That is overall the different themes of problems.
Let's dive into the solution. Now, the first solution, which is not
directly mentioned over anywhere, but I kind of tried to
get it from this book by Jake Knapp called a sprint. Now,
sprint is a method that people often use in technical teams
who are into product development as well.
But it has not been that much used in small
teams or organizations which have data science
as their bread and butter. So often it always tend to go into more kind
of agile methodology like how they want to work on it. Well, what I did
was this sprint approach kind of inspired me and it was a method of
doing projects and testing ideas in just five days in different organizations,
including Google and different ventures that Google invests in.
So I kind of picked some of the techniques from there and combined it
with some data science approaches and kind of try to came up with this
sprint approach that works a lot better than before.
So there are four steps to this sprint approach, clear goal,
plan well, execute and test and improvise. So all these stages are divided
into these four tools. And then finally in each step,
everything starts with the introduction of this project. So everybody comes together,
discussed. What is the main idea over here? Whats is the problem that they
are trying to solve? So they set a long term goal. A long term goal
could be a long term questions that they are trying to improve the user consumption
method on the platform or they are trying to minimize the cost. So that's
like a long term aspirational goal. Then you set some
kind of sprint questions, like what are the questions you are trying to answer over
here? Right? So these could be like directly
you are trying to understand the male versus female
ratio of the data. So you are kind of lives trying to be exact over
here. Then what you do is once you create a question bank,
like what are the questions you are. Of course these questions should be limited.
Don't try to exceed it to 2030 or more
than that, because ultimately that would lead to the longer timelines. The whole
target of doing a sprint is to achieve a limited scope in a limited timeline
and having the fixed timeline and fixed scope to do it.

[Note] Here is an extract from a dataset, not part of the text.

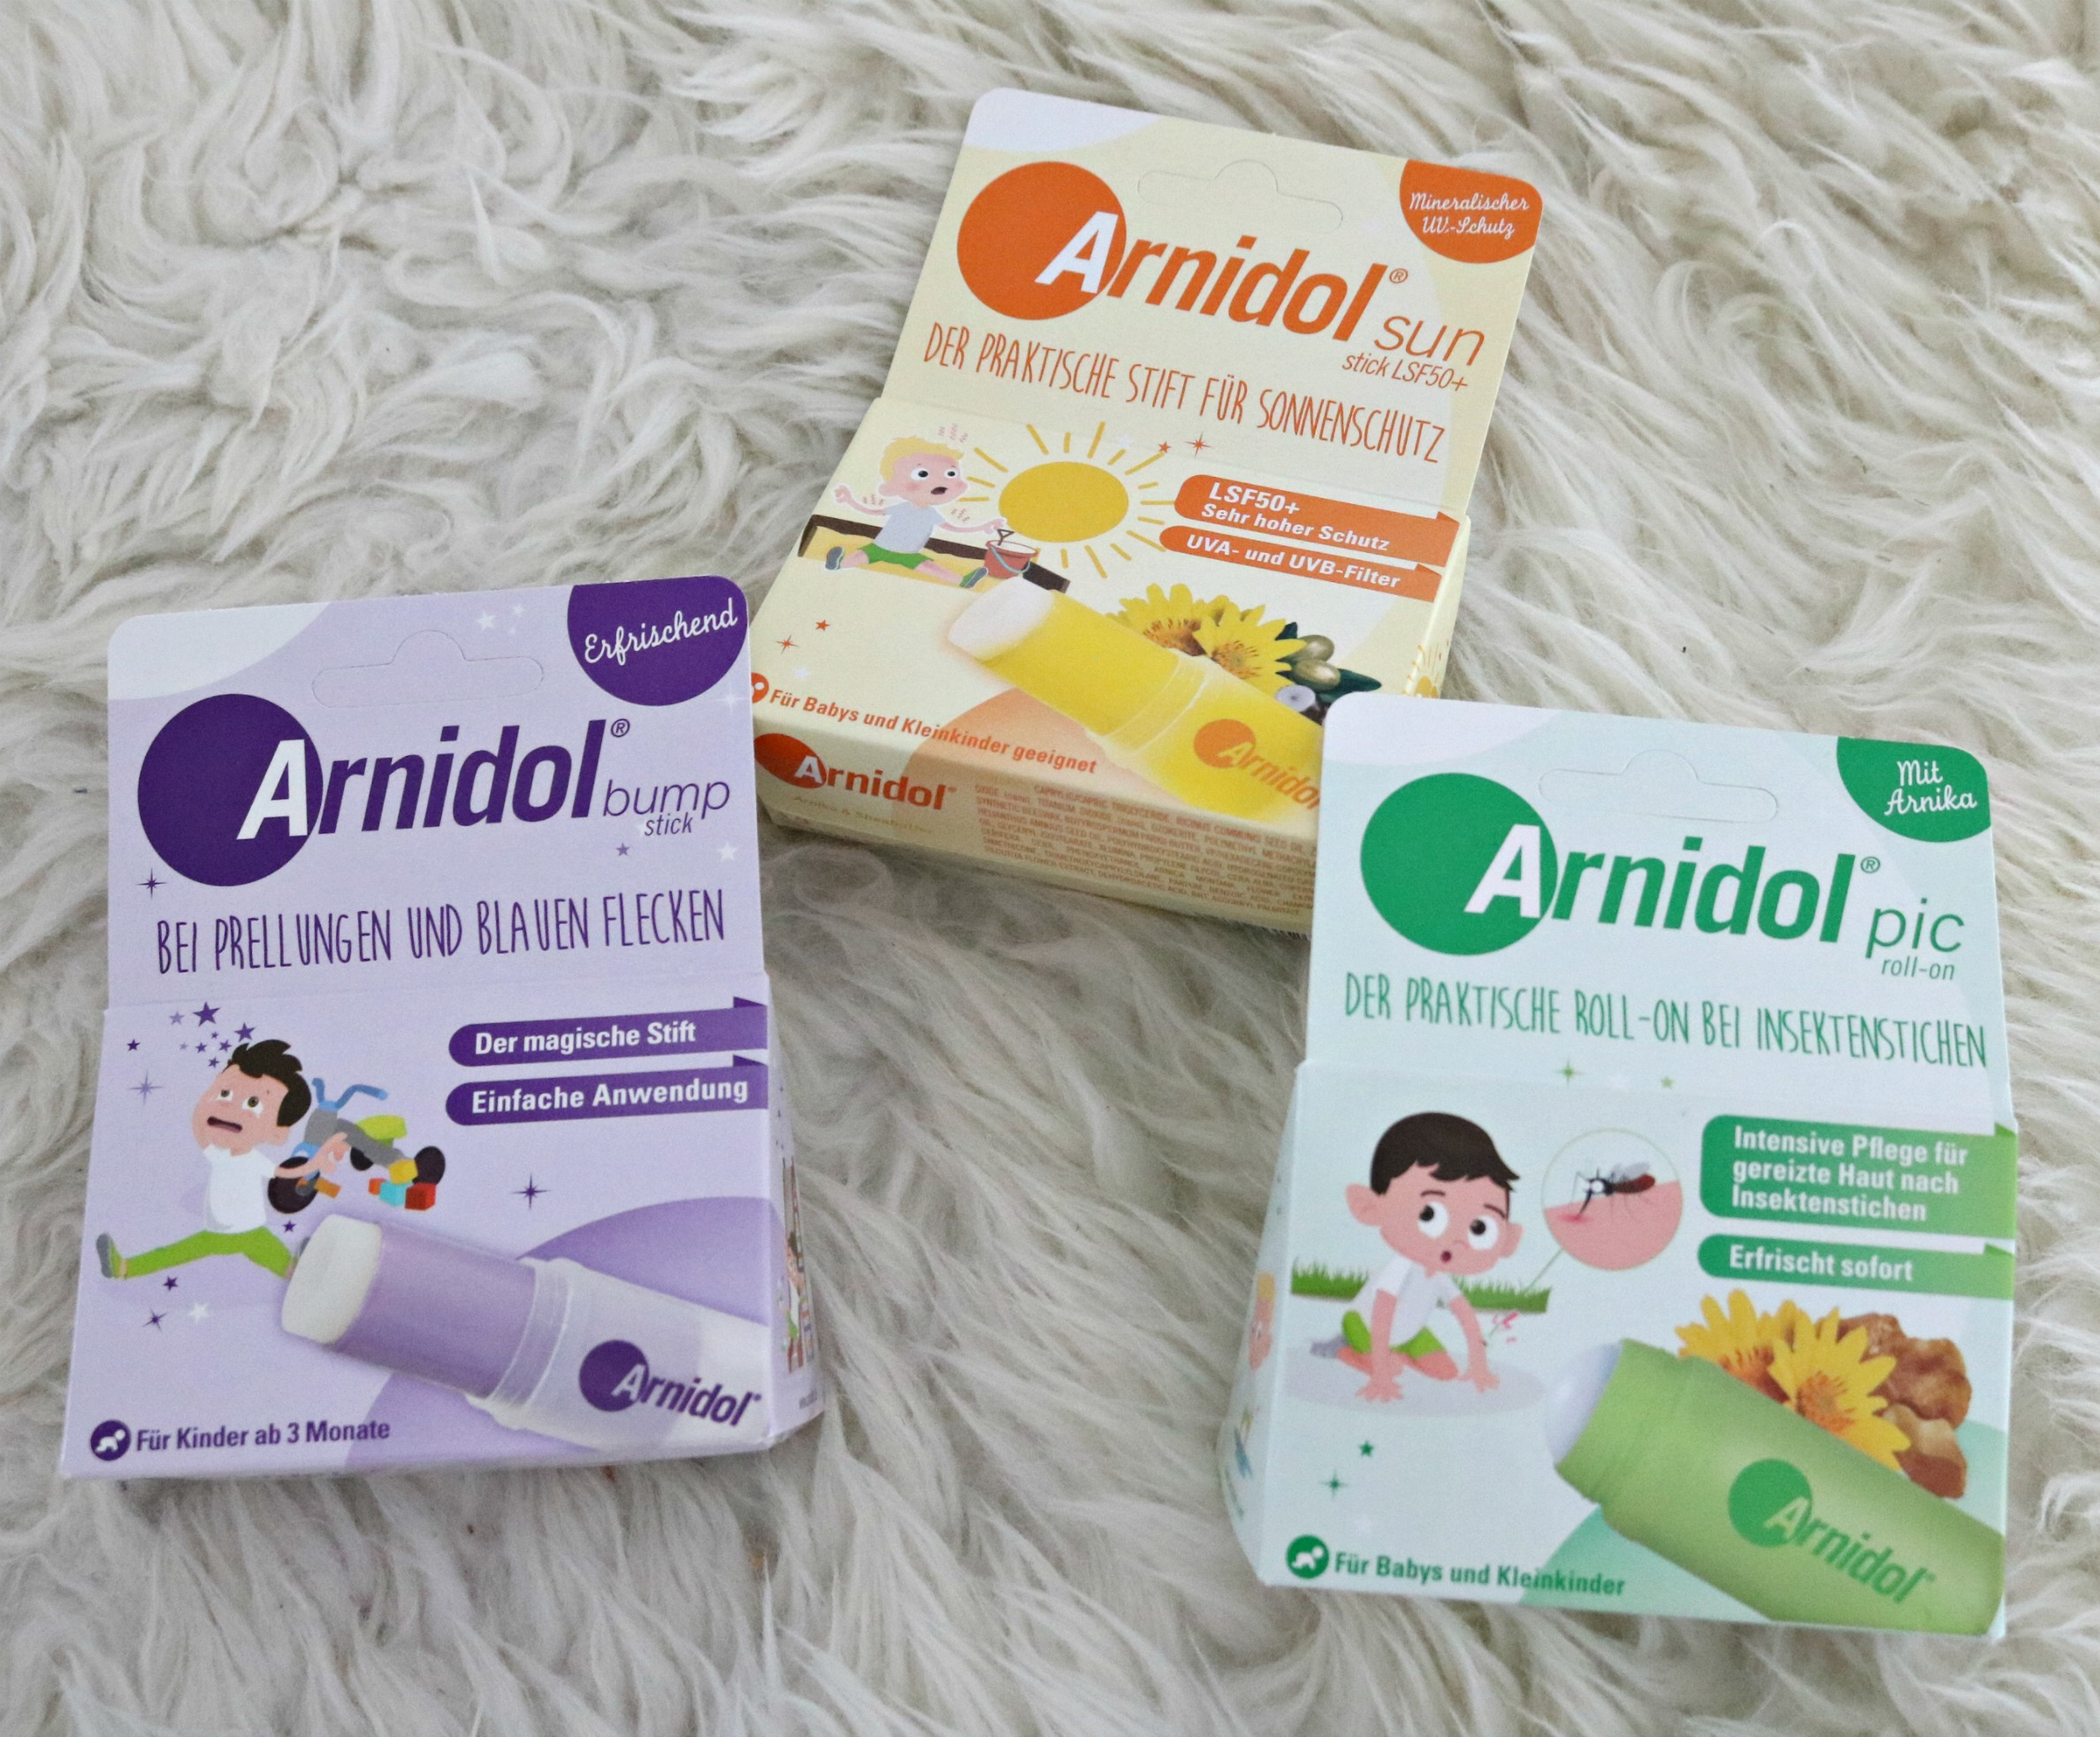 Arnidol_Sticks

Finally, make a map of how you are going to arrive at
a solution. We will see about how to create a diagram or a map to
this as well. So kind of map you can imagine is like you have data,
how the data is flowing, how you will flow it through different systems. So this
is kind of a project that you are doing in the initial steps of your
project discussions, just kind of sentiments so that everybody
starts imagining what are the resources required to do that. So this kind of will
help you in. Of course, clearly the goal. The second step is now starting
with planning, right? So the first step with this is talk with experts.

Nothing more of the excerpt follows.